В любом случае ее слова в сочетании с моей головной болью пробудили во мне ехидство, о существовании которого я и не подозревал.
— Ничего особенного, ты права, — согласился я.
Она посмотрела на меня взглядом, который можно было бы назвать злобным, но промолчала и через некоторое время отвернулась. Я еще разок потянулся, потер шейные мышцы и встал.
— Должен же быть способ отсюда выбраться, — проговорил я, обращаясь в первую очередь к самому себе, но, разумеется, она не могла не ответить.
— Не должен, — сказала она. — Они всегда держат людей здесь, и никто еще не выбирался.
— Если они находились под воздействием наркотиков, то могли и не пробовать.
Она прикрыла глаза, покачала головой, показывая таким образом степень моей глупости, и отвернулась. Может быть, я и вправду дурак, но не настолько, чтобы сидеть и ждать, пока меня съедят, не пытаясь сбежать.
Я еще раз прошелся по трейлеру из конца в конец. Ничего нового не появилось, но я осмотрел все тщательнее, чем в прошлый раз. Из мебели здесь были только нары, устроенные в дальнем конце и, по всей видимости, служившие кроватью. На них лежал тонкий туристский матрас, накрытый жалкого вида серой простыней. Я стянул матрас на пол, под ним оказался квадратный кусок доски, закрывавший отверстие. Вынув доску, я обнаружил ящик, где находилась тощая подушка в наволочке, весьма напоминавшей простыню. По всей видимости, ящик занимал всю ширину трейлера, хотя я мало видел в полутьме.
Кроме подушки, в ящике лежал кусок деревянного бруска длиной полтора фута. Один его конец сужался, и вся стесанная часть оказалась покрыта грязью. На другом виднелись зарубки и канавка, по всей видимости, протертая веревкой. Эта деревяшка, вероятно, использовалась как кол, ее вбивали в землю, и, видимо, что-то привязывали к ней. В верхний конец был воткнут старый погнувшийся гвоздь, которым скорее всего распутывали веревку. Я вынул кол из ящика и положил его рядом с подушкой. Больше я, как ни старался, ничего найти не смог. Однако когда я нажал на дно ящика, оно поддалось, а надавив сильнее, я был вознагражден звуком гнущихся металлических листов.
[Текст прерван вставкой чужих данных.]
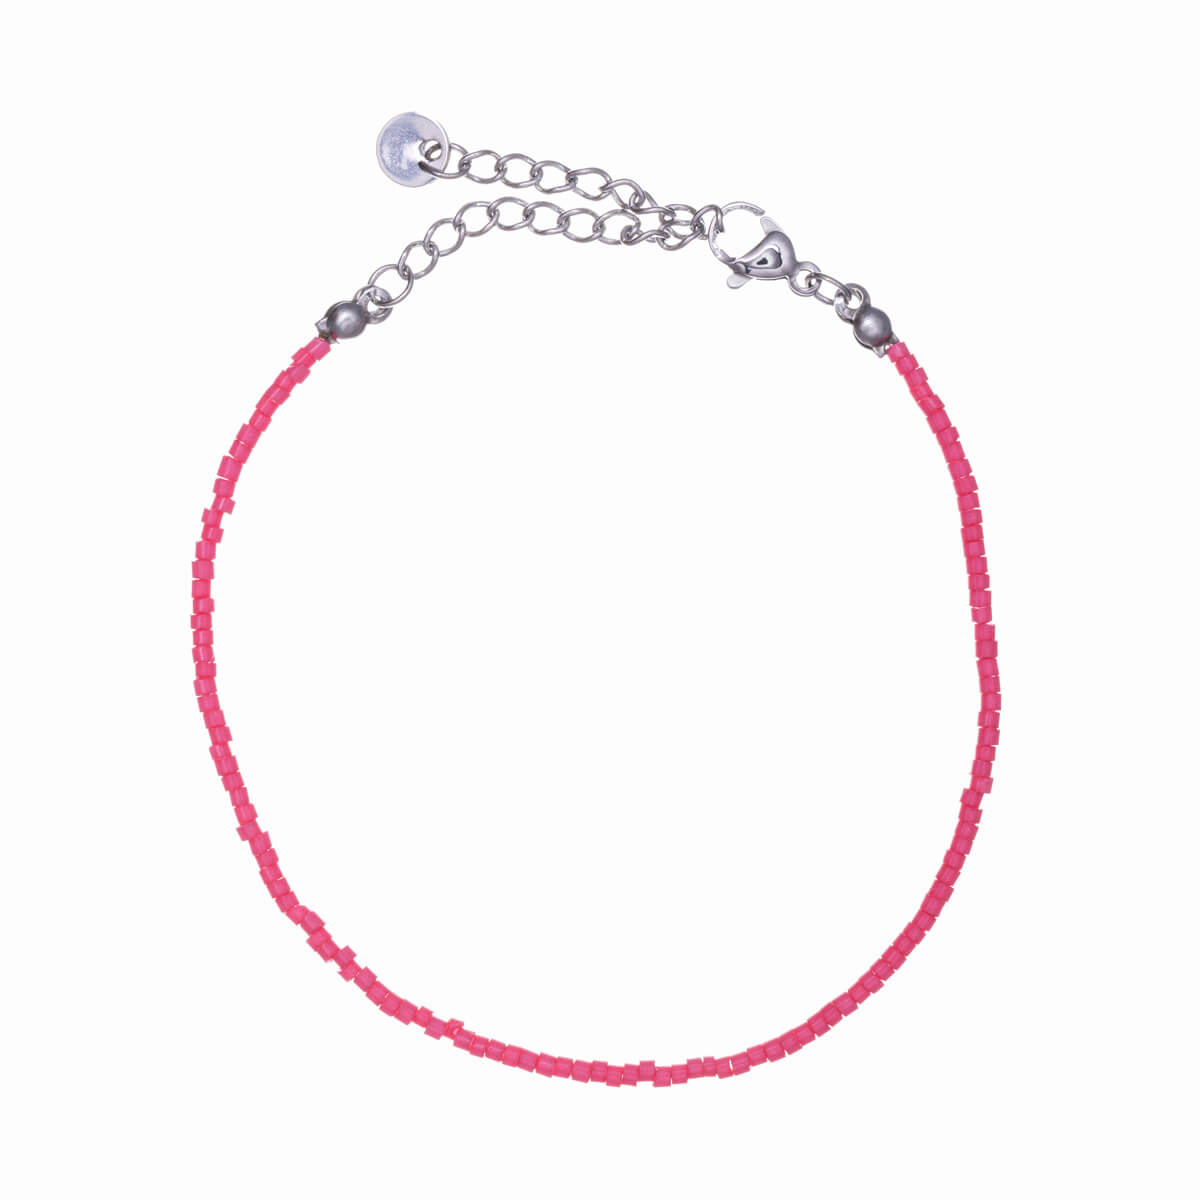 Minimalist bead bracelet (Steel 316L)

Бинго. Я нажал еще сильнее, и металл погнулся так, что это стало заметно. Я залез в ящик обеими ногами. Мне с трудом, но все же хватило места, и я принялся прыгать как можно выше. Это производило громкий шум, и где-то на седьмом прыжке Саманта решила подойти и посмотреть на происходящее.
— Что ты делаешь? — поинтересовалась она. Поразительно глупый и действующий на нервы вопрос.
— Убегаю, — ответил я и подпрыгнул еще раз.
Она немного понаблюдала за мной, а потом покачала головой и громко, чтобы я точно мог ее расслышать, сказала:
— Я не думаю, что так ты сможешь выбраться.
— Металл здесь довольно тонкий. Не такой, как на полу.
— Дело в прочности на разрыв. Это вроде поверхностного натяжения в чашке с водой. Мы проходили на физике.
Я восхитился уроками физики, где изучают прочность на разрыв пола трейлера, через который кто-то пытается сбежать от людоедов, а затем застыл в прыжке. Что, если она права? В конце концов, в «Рэнсом Эверглейдс» учат многим вещам, о которых не узнать из программы общеобразовательной школы. Я вылез из ящика и посмотрел, чего мне удалось достигнуть к настоящему моменту. Не многого. Металл заметно погнулся, но не настолько, чтобы внушать серьезную надежду.
— Они будут здесь задолго до того, как ты закончишь, — сказала Саманта. И кто-нибудь не слишком милосердный мог бы решить, будто она злорадствует.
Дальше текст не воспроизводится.